Güneş'in yarın doğacağını nereden biliyorsunuz? Buzun kaygan olduğunu, ocağa yanan kibrit yaklaştırdığımızda gazın alev alacağına olan inancımızı doğrulayan nedir?
Güneş ve yıldızlar gibi dokunamadığımız şeyleri nasıl anlamaya çalışırız ve görülmelerini sağlayacak ışığı bile yaymayan, fizikçilerin karadelik, kara madde ve kara enerji olarak bahsettikleri nesneleri nasıl anlayabiliriz? Bu soruların cevaplarını bilim insanlarının zihinlerinde oluşturdukları üç dünya arasındaki bir yolculuk yardımıyla bulmaya çalışacağız.

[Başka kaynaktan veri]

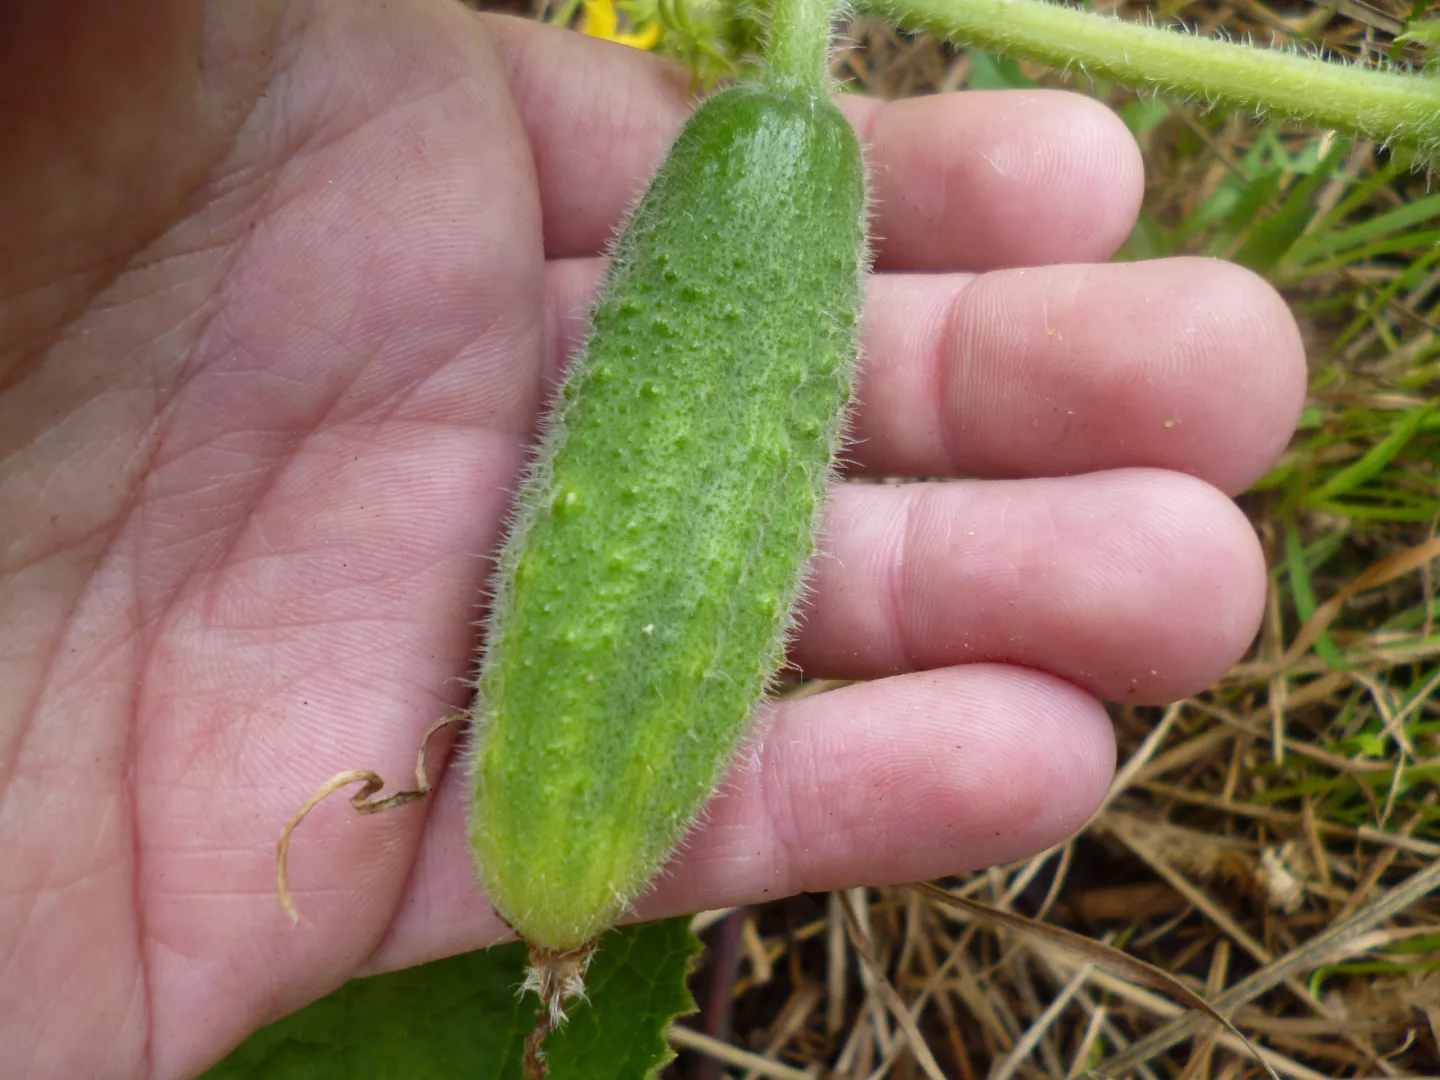 Bigger cucumber

Gördüğümüz dünya, keşfedebileceğimiz dünya ve bildiğimizi düşündüğümüz dünya.
Üç adımda evrenin gizemlerini gözler önüne seren bu kitapta, üç farklı mecazi evren yer almaktadır: algılanan evren, saptanan evren ve teorik evren. Bu üç evrenin etkileşimiyle bilimsel dünya görüşü oluşur. Algılanan evren her gün deneyimlediğimiz dünyadır.

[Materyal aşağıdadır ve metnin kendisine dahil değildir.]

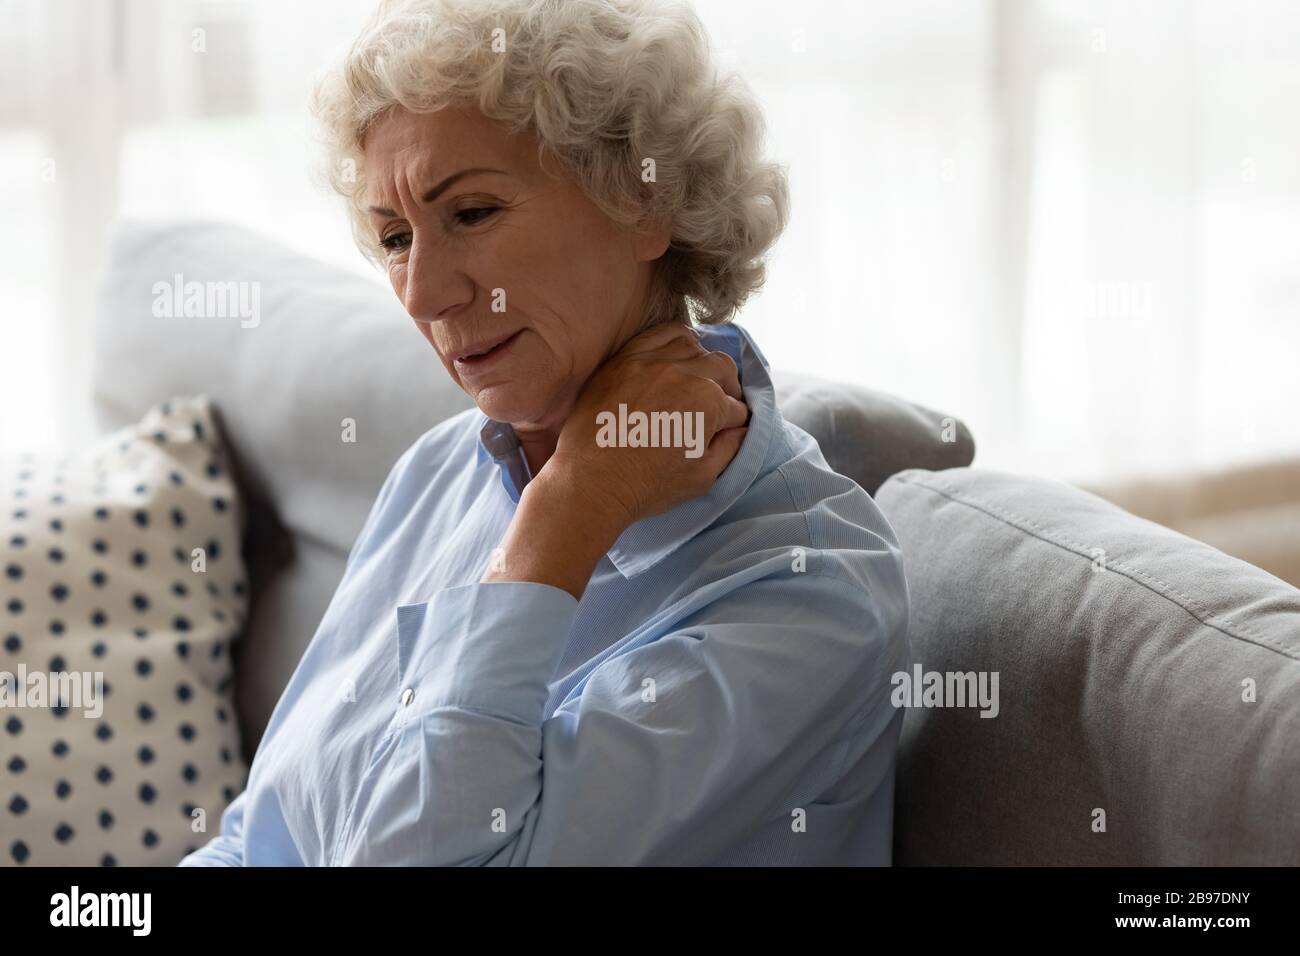 La anciana enferma se sienta en el sofá sufriendo de dolor de cuello Foto de stock

Gördüğümüz, duyduğumuz, kokusunu aldığımız, dokunabildiğimiz, tadabildiğimiz ve bu duyulardan hissettiklerimizi hatırlayabildiğimiz dünyadır. Aklımızın, zamanının büyük bir kısmını geçirdiği dünyadır. Aslında algıladığımız evrende yaşıyormuşuz gibi görünüyor olabilir; fakat gerçekte her gün bu dünyanın sınırlarına ulaşıyoruz.